#619281
Table of Contents
A number sign (#) is used with this entry because of evidence that autosomal recessive immunodeficiency-14B (IMD14B) is caused by homozygous mutation in the PIK3CD gene (602839) on chromosome 1p36.
Heterozygous mutation in the PIK3CD gene causes autosomal dominant IMD14A (615513).
Autosomal recessive primary immunodeficiency-14B (IMD14B) is characterized by onset of recurrent infections in early childhood. Most patients have respiratory infections, but some may develop inflammatory bowel disease or osteomyelitis. Laboratory studies tend to show hypogammaglobulinemia and decreased levels of B cells. Although NK cell and T cell numbers are normal, there may be evidence of impaired immune-mediated cytotoxicity and defective T-cell function (summary by Sogkas et al., 2018 and Cohen et al., 2019).

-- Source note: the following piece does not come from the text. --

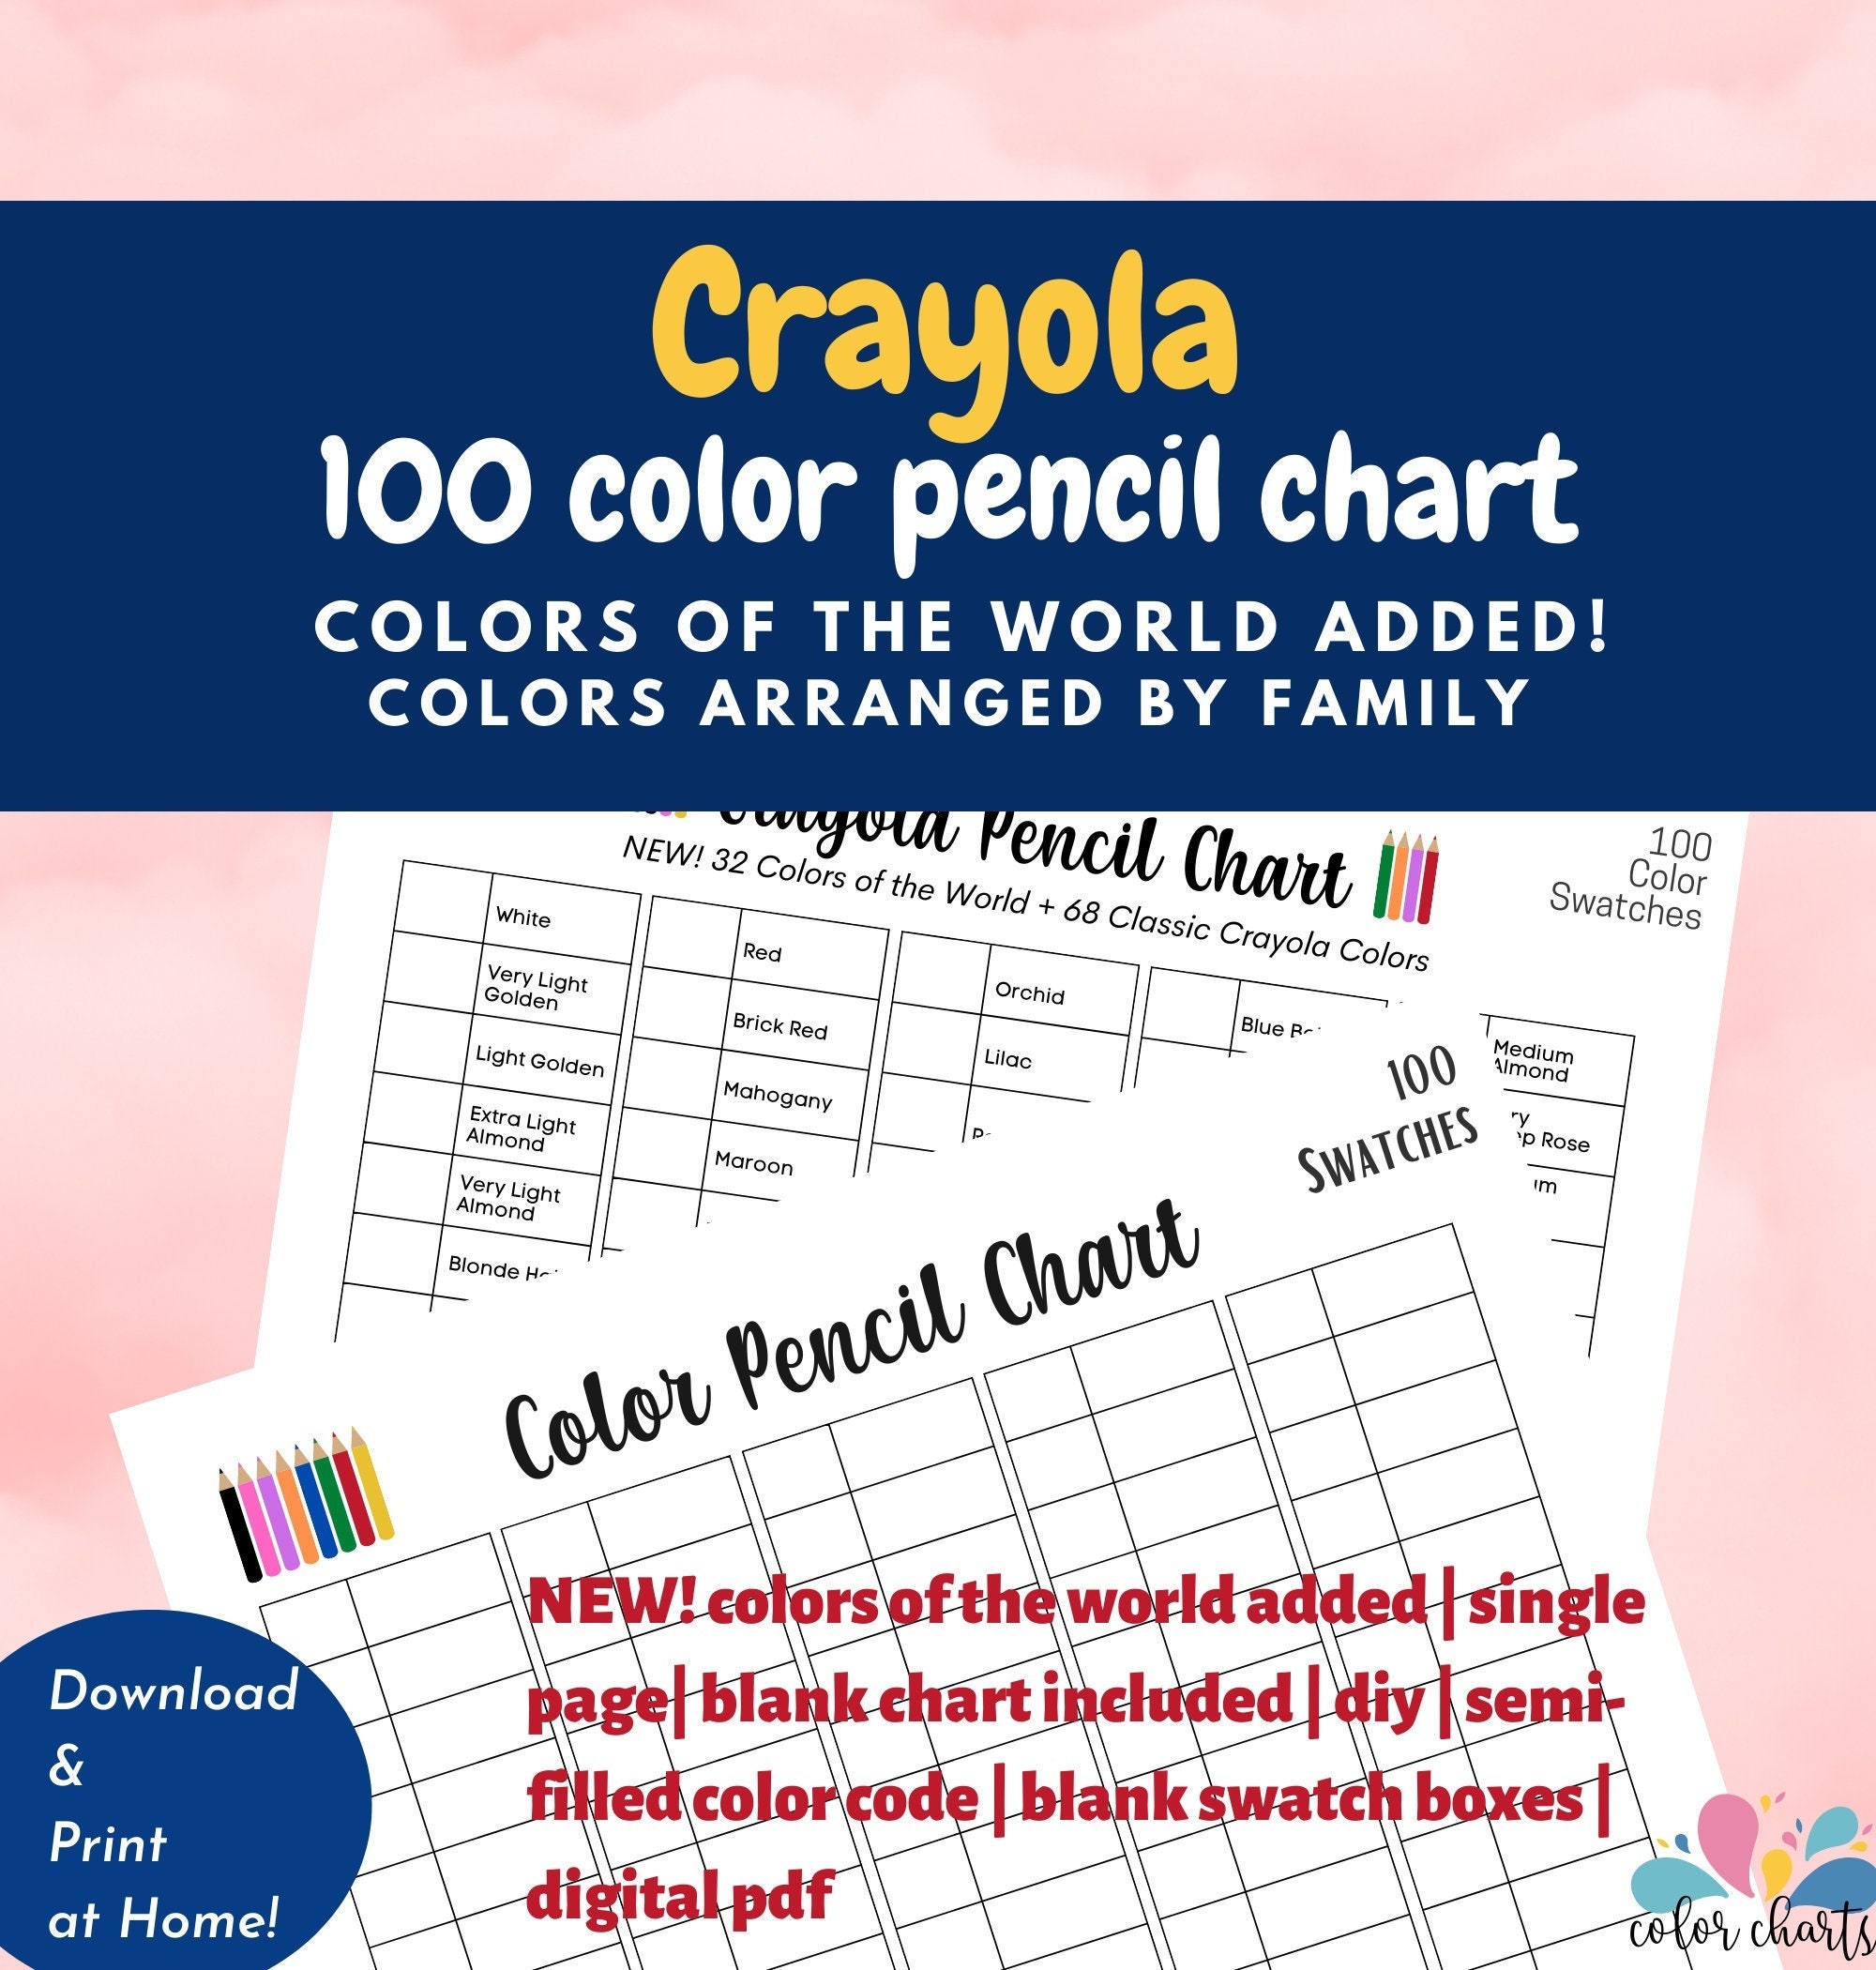 Crayons de cire aux couleurs de la peau Colors of the World de Crayola

Sogkas et al. (2018) reported 2 brothers, born of consanguineous Pakistani parents, with IMD14B. The older brother presented at age 2 years with recurrent sinopulmonary infections associated with hypogammaglobulinemia. He later developed chronic diarrhea with gastrointestinal inflammation and died of sepsis at 13 years of age. His younger brother presented with osteomyelitis at age 2 months. At age 8, he had inflammatory colitis diagnosed as Crohn disease, and at 12, he developed recurrent respiratory tract infections. Laboratory studies in both patients showed hypogammaglobulinemia with decreased B-cell counts. T-cell and NK-cell counts were normal, but NK-cell function was decreased and there was impaired cytotoxic immunity.

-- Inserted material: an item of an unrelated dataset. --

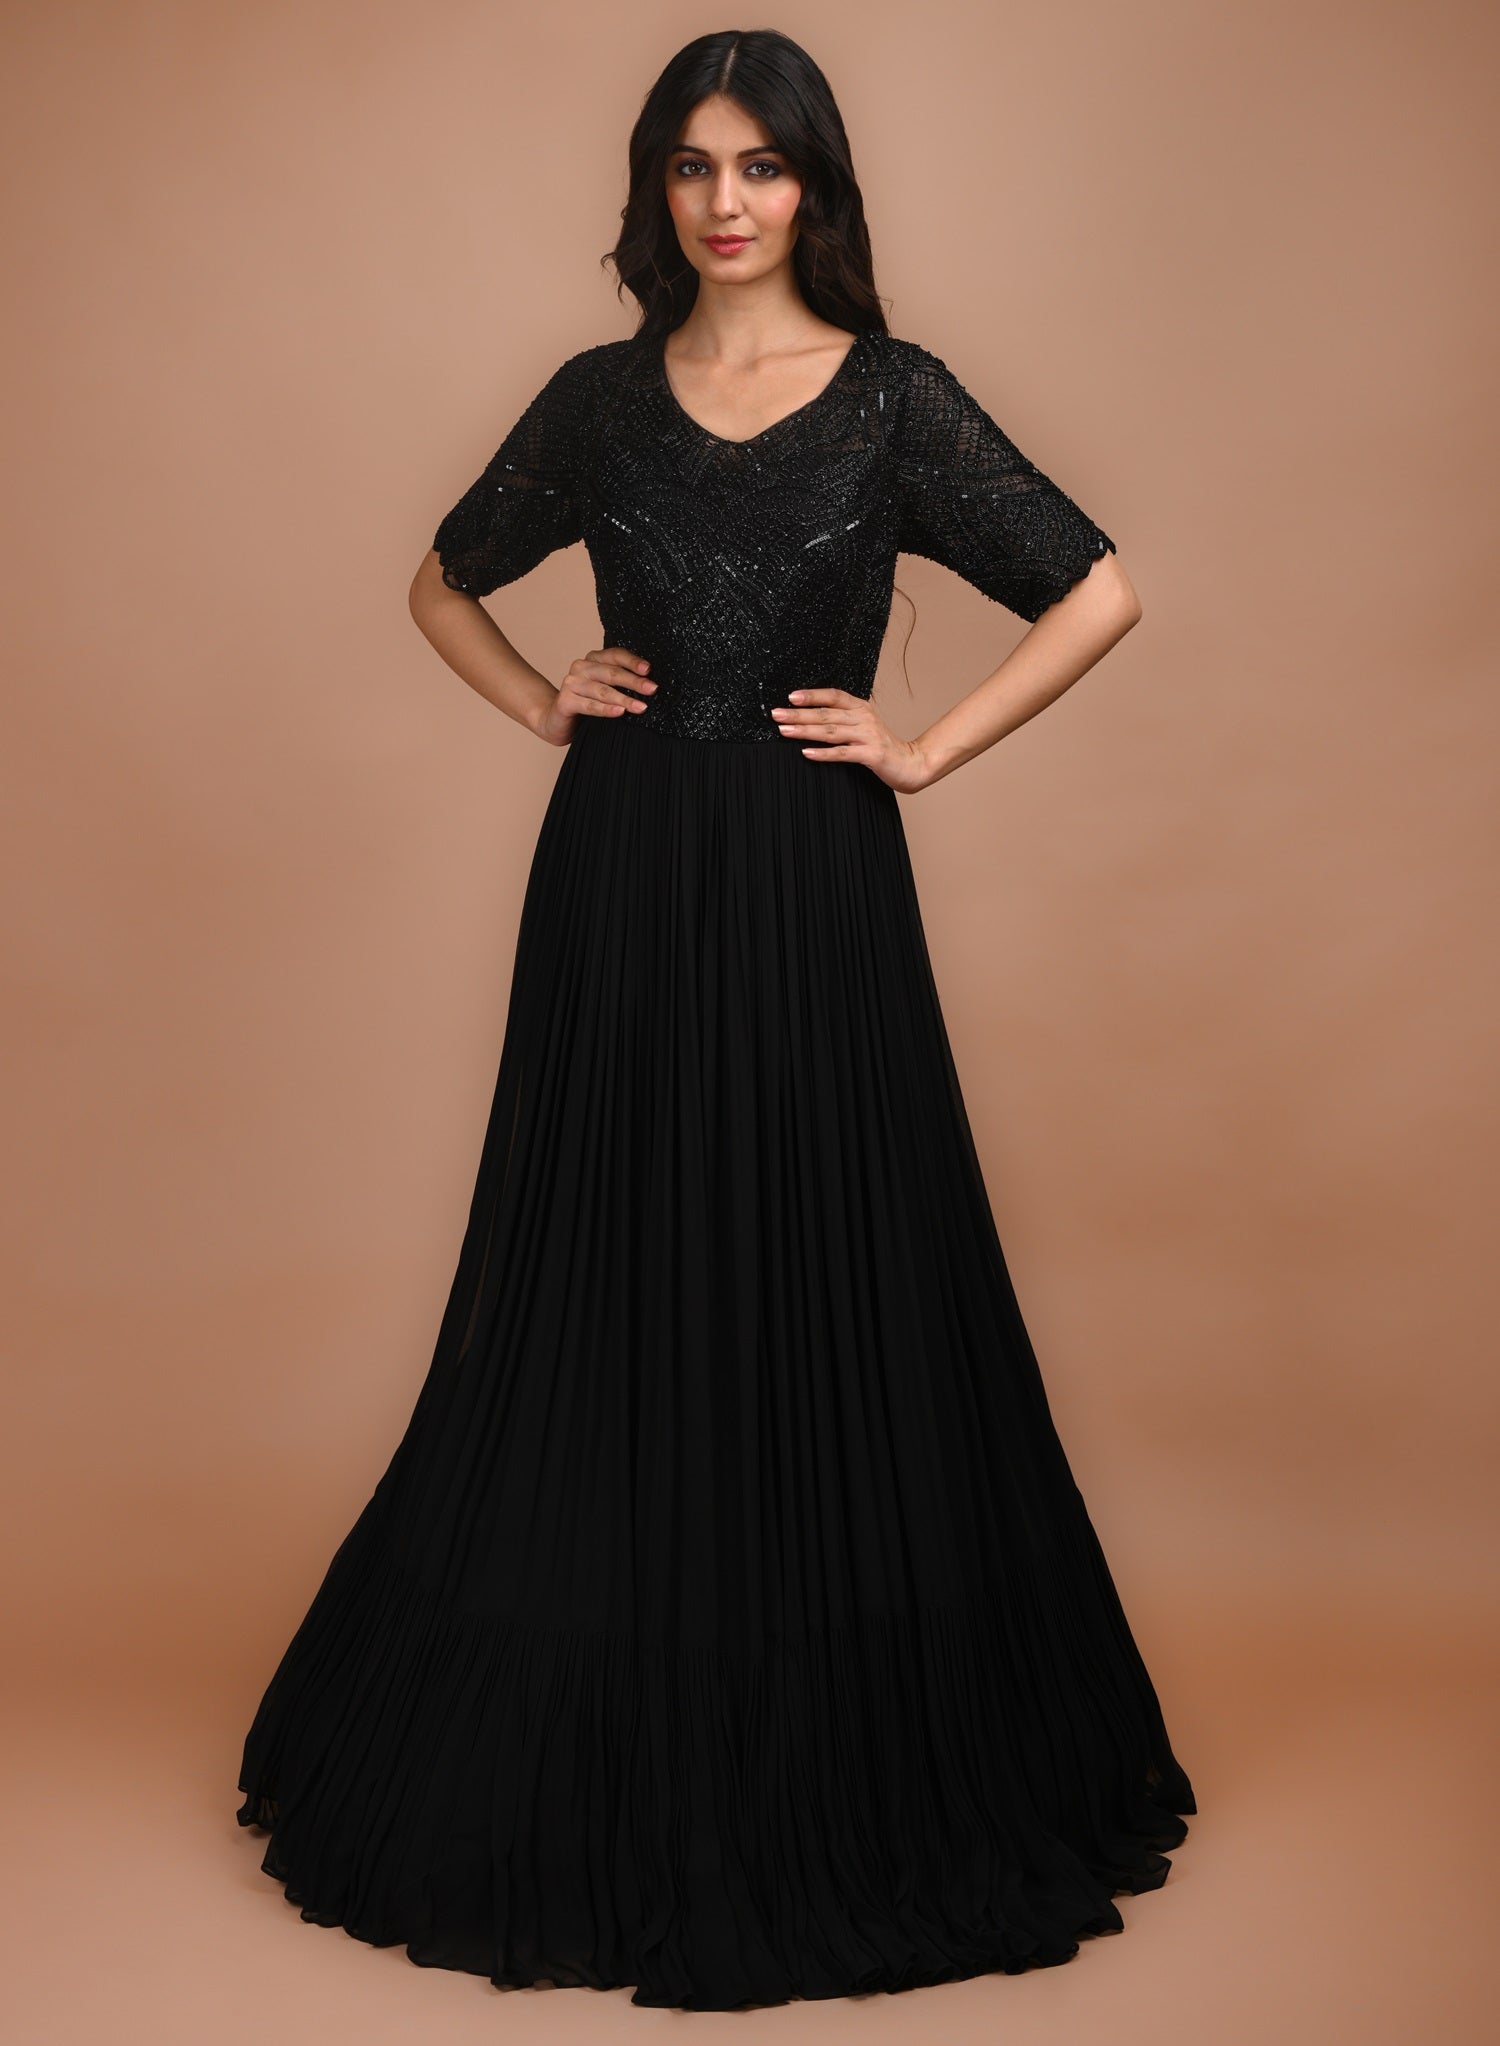 Ranas Black Designer Gown

Cohen et al. (2019) reported a boy, born of consanguineous Pakistani parents, with IMD14B. He tolerated vaccination in early childhood and was well until age 6 years when he presented with chronic diarrhea associated with colitis and polyarticular arthritis. He later developed features of inflammatory bowel disease. Laboratory studies showed leukocytosis, neutrophilia, monocytosis, and thrombocytosis. Serum IgG and IgA were decreased. Calcium flux in response to anti-CD3 crosslinking on patient T cells was decreased, although T-cell proliferative response was normal. The patient died at age 14 years of severe pneumonia and sepsis. Family history revealed a similarly affected brother who died of sepsis at 6 months of age.
The transmission pattern of IMD14B in the family reported by Sogkas et al. (2018) was consistent with autosomal recessive inheritance.
In 2 brothers, born of consanguineous Pakistani parents, with IMD14B, Sogkas et al. (2018) identified a homozygous frameshift mutation in the PIK3CD gene (602839.0006). The mutation, which was found by targeted next-generation sequencing and confirmed by Sanger sequencing, segregated with the disorder in the family. Patient T cells showed impaired AKT (164730) phosphorylation after stimulation with an anti-CD3 antibody, suggesting a loss of PIK3CD function.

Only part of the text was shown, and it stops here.